URA7 Filament Metabolic Analysis
In order to determine whether rhodopsin provides an energy benefit, metabolic state was assessed via polymerization of GFP-tagged URA7p. A starting culture of 50 μL of control yeast bearing GFP-tagged URA7p, and experimental yeast bearing this fusion and the UmOps2 rhodopsin, were inoculated and grown for 24 hours in 10 mL Synthetic Complete media supplemented with all-trans retinal. Five replicates each were grown in a dark incubator at 250 RPM and 30 °C, and a green illuminated incubator at 30 °C with light approximately 1996 lux. At 24 hours growth, stationary phase cells were removed and quickly imaged on a TI Nikon Eclipse Ti-Motorized Inverted Microscope. Fibers were captured in the FITC channel with a constant exposure of 1s and analog gain of 64.0x. The average filament area was quantified using Fiji Image Analysis via automatic image segmentation using MaxEntropy auto thresholding of particles ≥ 10 pixels in size.
Strains used
yAB1: Y55HD background, URA7/URA7-GFP:HphNT2
yAB406: Y55HD background, ho:UmOps2:NatMX6/ho:UmOps2:NatMX6
yAB414: Y55HD background, ho:UmOps2-GFP:NatMX6/ho:UmOps2-GFP:NatMX6
yAB452: Y55HD background, URA7/URA7-GFP:HphNT2 HO/ho:UmOps2:NatMX6
yAB703: Y55HD background, ho:GFP:NatMX6/ho:GFP:NatMX6
Plasmids used
pYM25: GFP for protein fusion and a hphNT2 resistance cassette[61]
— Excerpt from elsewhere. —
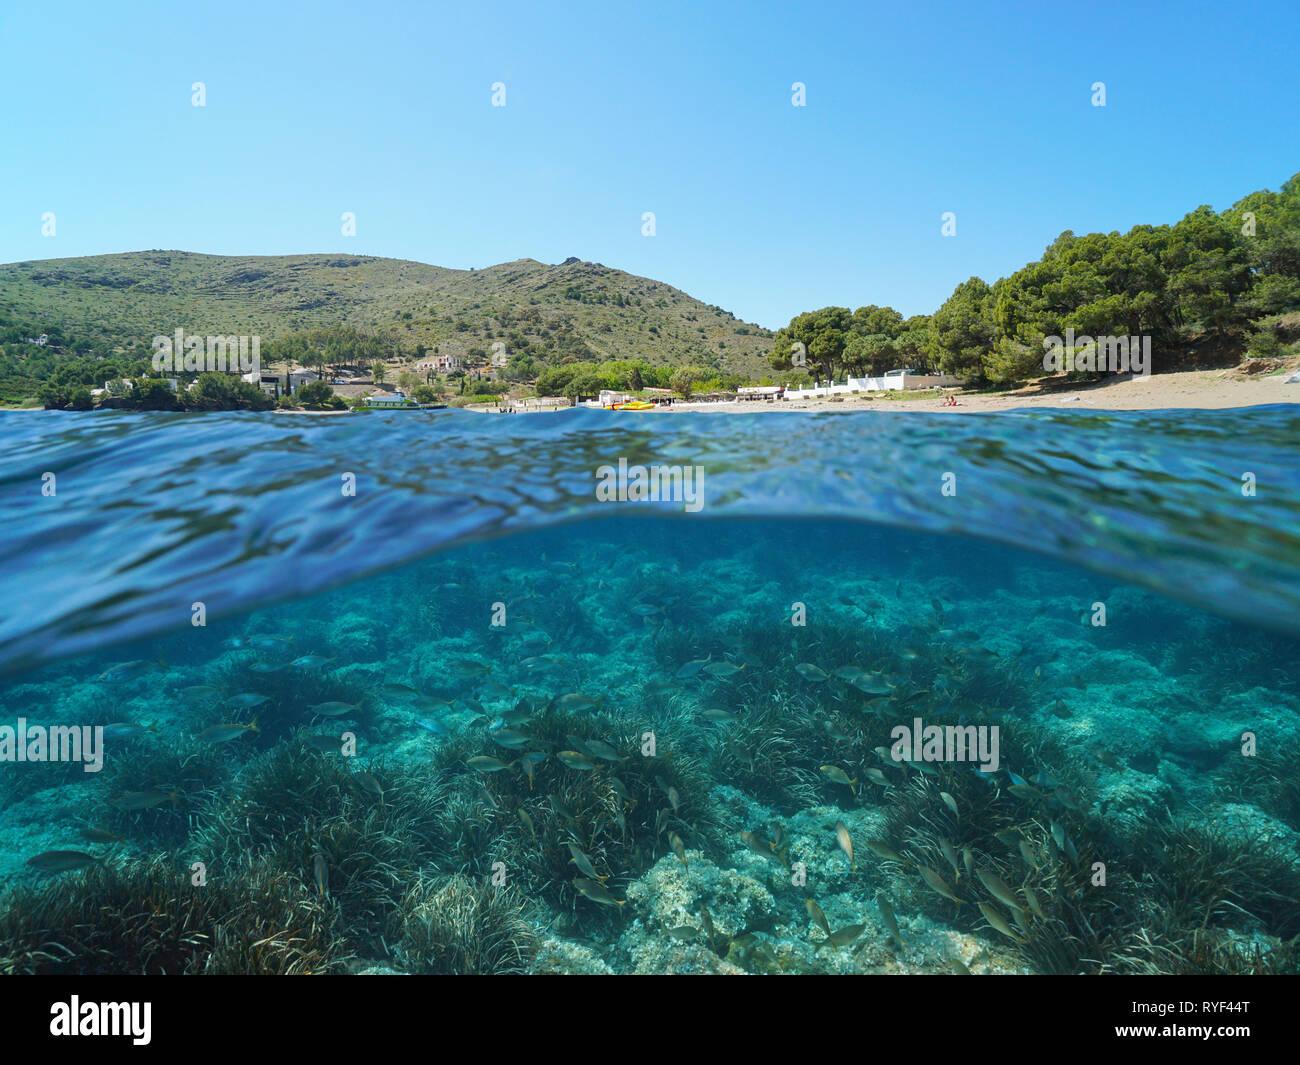 España Costa Brava con peces y algas submarinas, mar mediterráneo, cala Montjoi, Roses, Cataluña, vista dividida por la mitad y bajo el agua. Foto de stock

pWR112: UmOps2 under a TEF1 promoter, NATMX6 resistance, HO homology for chromosomal insertion
pWR113: Expression of UmOps2-GFP under a TEF1 promoter, NATMX6 resistance, HO homology for chromosomal insertion
pWR162: Expression of GFP under a TEF1 promoter, NATMX6 resistance, HO homology for chromosomal insertion
Oligonucleotides used for URA7-GFP fusion
Ura7_S2: TAGAAATTTATCTTTGTTAATGCAGTAGACTTTTAATTCTAAAATTTTGATTTAATCG
ATGAATTCGAGCTCG
Ura7_S3: GTCATTGAAGGTAAGTACGATCTTGAGGCCGGCGAAAACAAATTCAACTTTCGTACG
CTGCAGGTCGAC
Author Contributions
AB conceived of the research. AP, AB and WCR planned the experiments. AP and AB performed the experiments and analyzed the data. All authors contributed to writing.
Research support
This work was supported by a NSF Graduate Research Fellowship to AP, and NSF grant DEB-1845363, Human Frontiers Grant RGY0080/2020 and a Packard Foundation Fellowship for Science and Engineering to WCR.
Supplementary Tables
Dependent variable: cell viability. Independent variables: genotype (rhodopsin vs. GFP control), culture conditions (light vs. dark), and time (24, 48, 72h). As we did not see any clear sign of GxE interactions in our experiment, we did not examine these interactions statistically. For this ANOVA, F3,59 = 48.9, p<0.0001, and the adjusted r2 =.71.
Acknowledgements
Figures 1C and 2B created using BioRender.com.
Footnotes
Statistical analysis of results has been updated and improved. Small errors to methods and strains corrected. Discussion and results significantly edited for clarity.